When the targets of this study were compared between the two subpopulations of fibroblasts, IL-6 secretion was statistically significant after 24 and 48 h of Pg LPS stimulation (Figure 3A and B) by both subtypes of fibroblasts (from the palatal mucosa and gingival graft in marginal area), and the difference was greater with 48 h (Figure 3B). On the other hand, the secretion after Ec LPS stimulation was only statistically significant after 48 h, by both subtypes of fibroblasts (Figure 3D). Additionally, IL-6 secretion was greater by non-stimulated fibroblasts from the marginal gingival graft (Figure 3).
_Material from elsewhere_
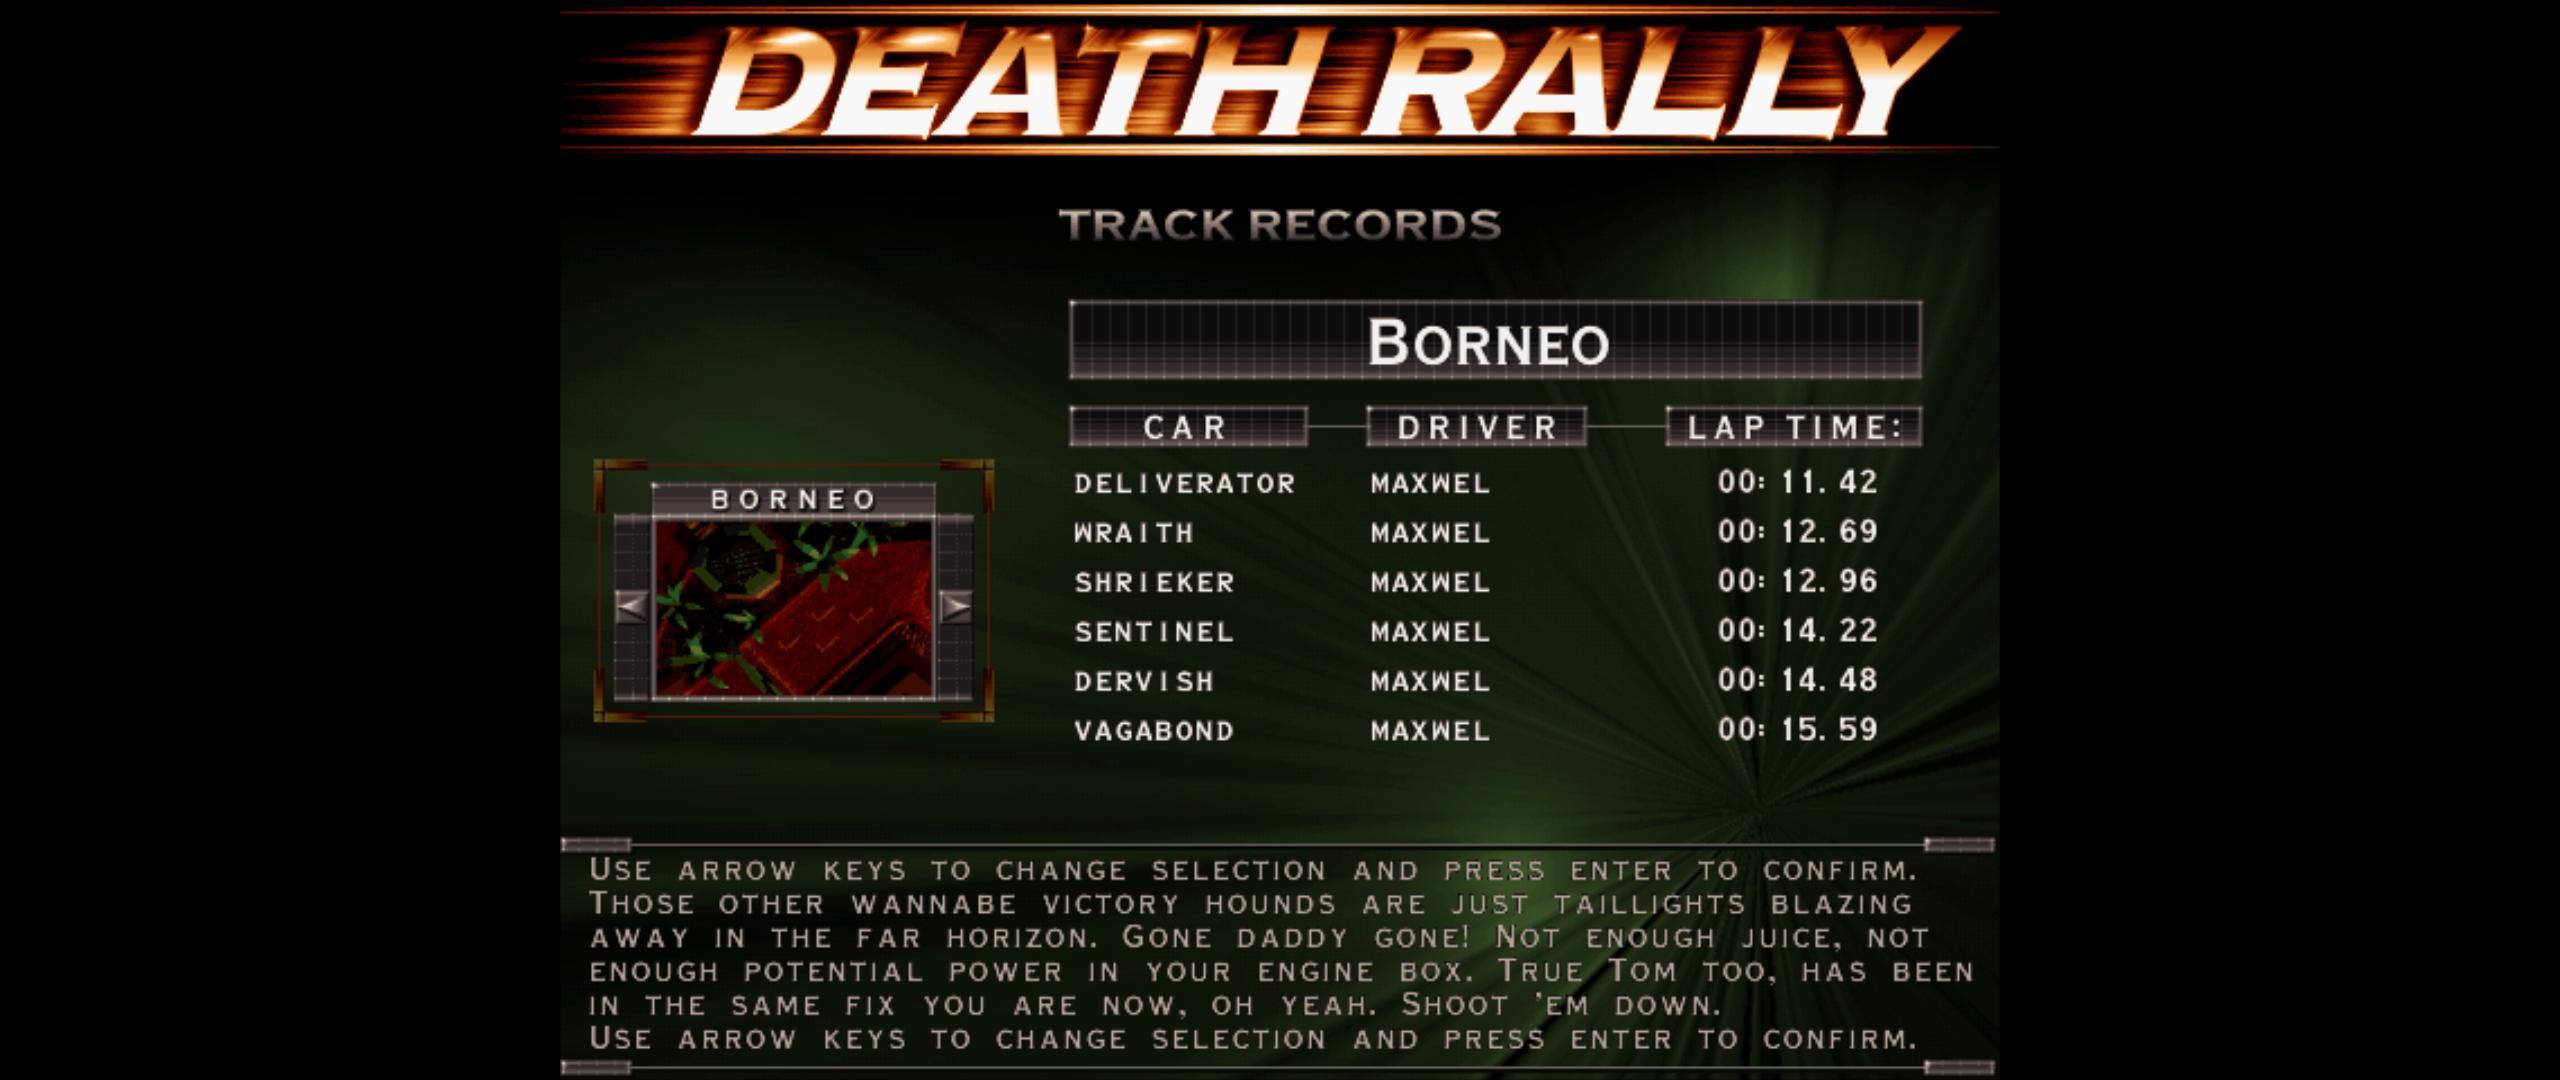 Maxwel: Death Rally [Borneo, Dervish Car Car] (PC) 0:00:14.48 points on 2016-03-04 07:54:02

Fibroblasts from the palatal mucosa secreted more IL-8/CXCL8 than fibroblasts from the marginal gingival graft when stimulated by Pg LPS with a statistically significant difference at 48 h (Figure 4A and B). Also, regarding this chemokine, fibroblasts from the palatal mucosa showed an increase at both 24 h and 48 h when stimulated by Ec LPS (Figure 4C and D), which was not observed by cells from the marginal gingival graft.

In this study, MIP-1α/CCL3 was observed to be constitutively secreted by both fibroblasts subtypes (Figure 5). Moreover, there was no statistically significant difference in MIP-1α/CCL3 secretion between unstimulated fibroblasts (control group) and fibroblasts stimulated with Pg or Ec LPS from the palatal mucosa (Figure 5). However, statistically significant difference was observed in MIP-1α/CCL3 secretion after 48 h when fibroblasts from the marginal gingival graft were stimulated with Pg LPS (Figure 5B) and after 24 h when challenged by Ec LPS (Figure 5C).

When TGF-β secretion was evaluated, fibroblasts from the palatal mucosa showed no detectable levels even in the presence of Pg LPS (Figure 6A and B) or Ec LPS (Figure 6C and D). On the contrary, fibroblasts from the marginal gingival graft showed a constitutive TGF-β secretion and there was no statistically significant difference between stimulated and unstimulated cells, both at 24 h and 48 h (Figure 6). VEGF and CXCL16 secretion was not detected either on fibroblasts supernatant cultured from the palatal mucosa neither from the marginal gingival tissue, regardless stimulation by Pg or Ec LPS.